It is easy to do if you (as I often do myself) just add #include lines
in response to compile errors. However the correct thing to do (not
often done) is to add include lines when the standard says they are
necessary and not rely on some random include file you included to get
definitions for you.
So take out the #include "config.h" stuff and just include "string.h"
directly. At very worst it can't cause problems on Linux.
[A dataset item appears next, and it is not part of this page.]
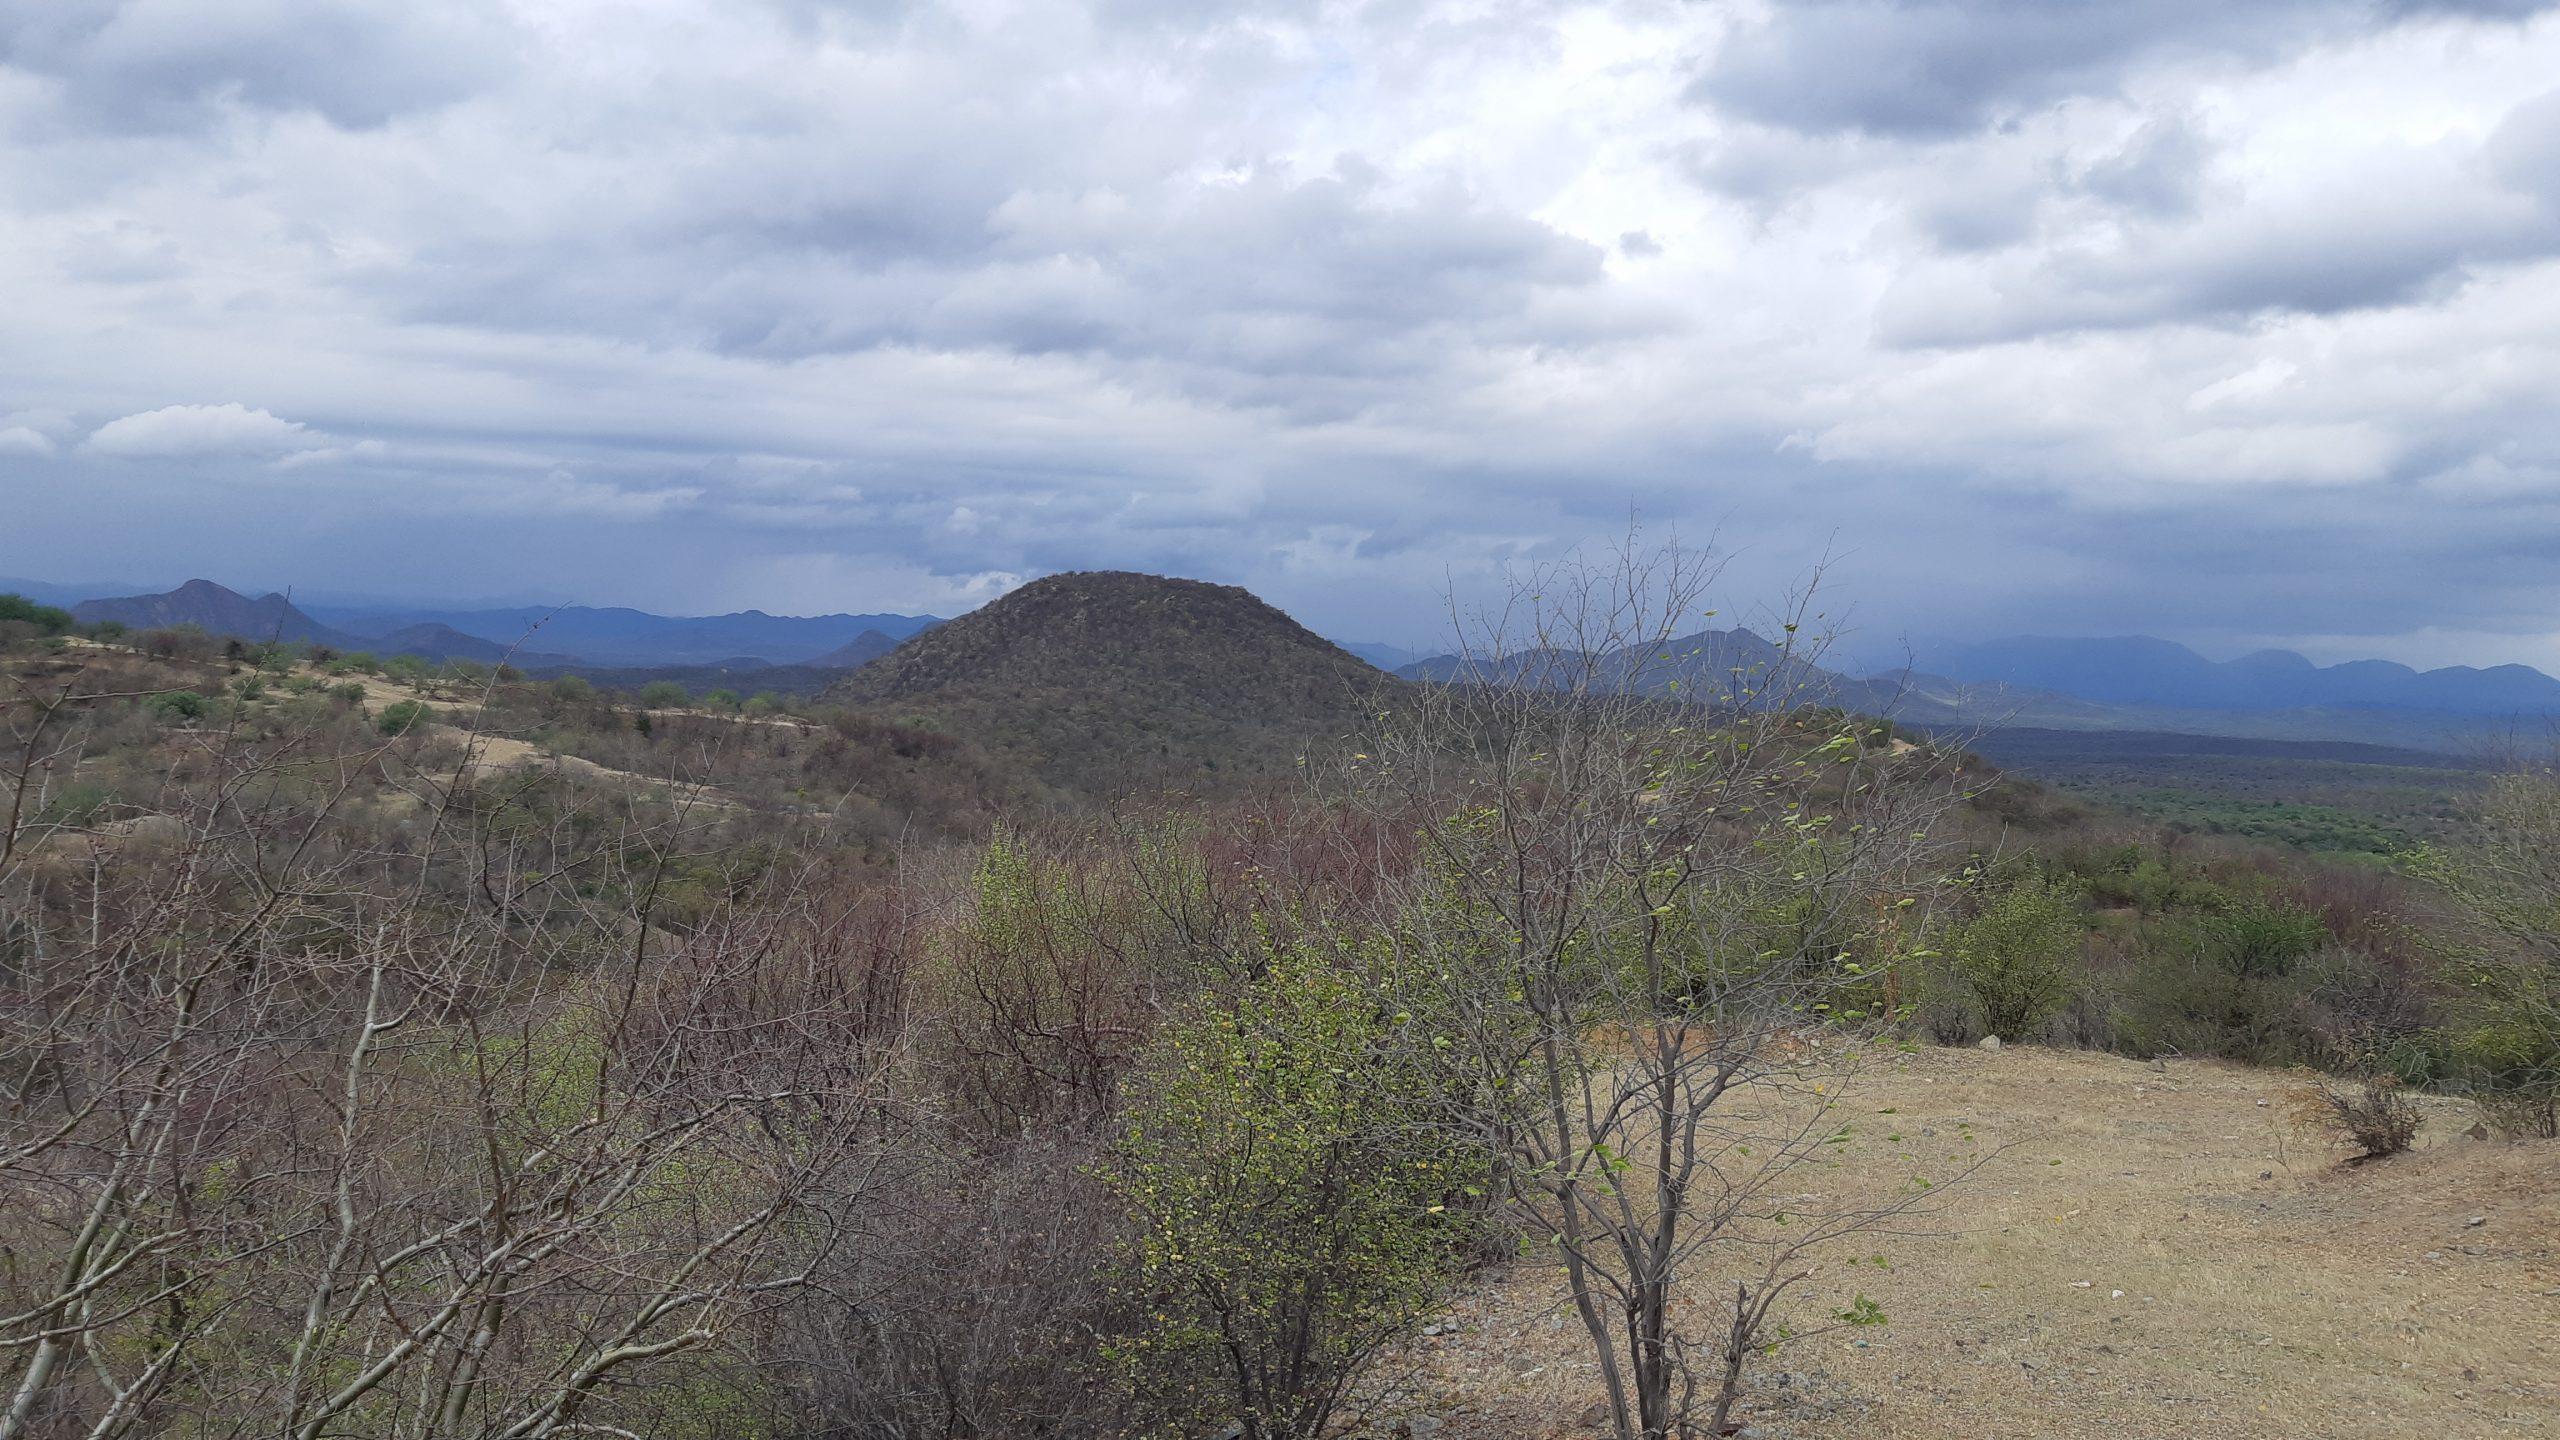 Pilar view from 4 Trench toward Main Zone at Pilar

There are very few cases now where you need to do conditional includes
along these lines.
Andrew
Re: Problems with Mutex initialization
Posted by Manuel Teira <mt...@tid.es>.
Alan Conway escribió:
> On Wed, 2008-06-25 at 11:12 +0200, Manuel Teira wrote:
>
>> Hello. After a pair of weeks dealing with random, uninteresting stuff,
>> I'm back to the solaris port effort. I would like to wake up this issue
>> again, since it's a stopper for the solaris testing I'm trying to do.
>>
>> After all this discussion, what seems to be true, is:
>> 1.-The static initialization order is not the desired one.
>> 2.-Inlining the Mutex.h annonymous code in every Mutex usage, produces
>> multiple instances of onceControl and mutexattr, whereas the intended
>> behaviour was to have single instances, to be shared across the code.
>> 3.-About the PODMutex discussion, it is not needed here, since the
>> pthread_once_t usage is giving us the desired "one-shot" behaviour.
>>
>> It was also said, that fixing #2 could lead to get #1 fixed. Anyway,
>> what is the recommended technique to "force" static initialization if
>> having #2 fixed is not helping?
>>
>>
>
> Just committed a fix that removes the need for a global object with a
> constructor so should fix any init order problems. Also took this code
> out of line so it's genuinely once, not once-per-compilation-unit. Shout
> if it doesn't fix the problem or creates any new ones.
>
Great, it got fixed!!
Most of the tests are passing now, but running the federation tests the
old dynamic_cast monster related with the Sun compiler bug arises again.
The problem was due to AsynchConnector being implemented in terms of
DispatchHandle, so, I had to change that inheritance to be public also.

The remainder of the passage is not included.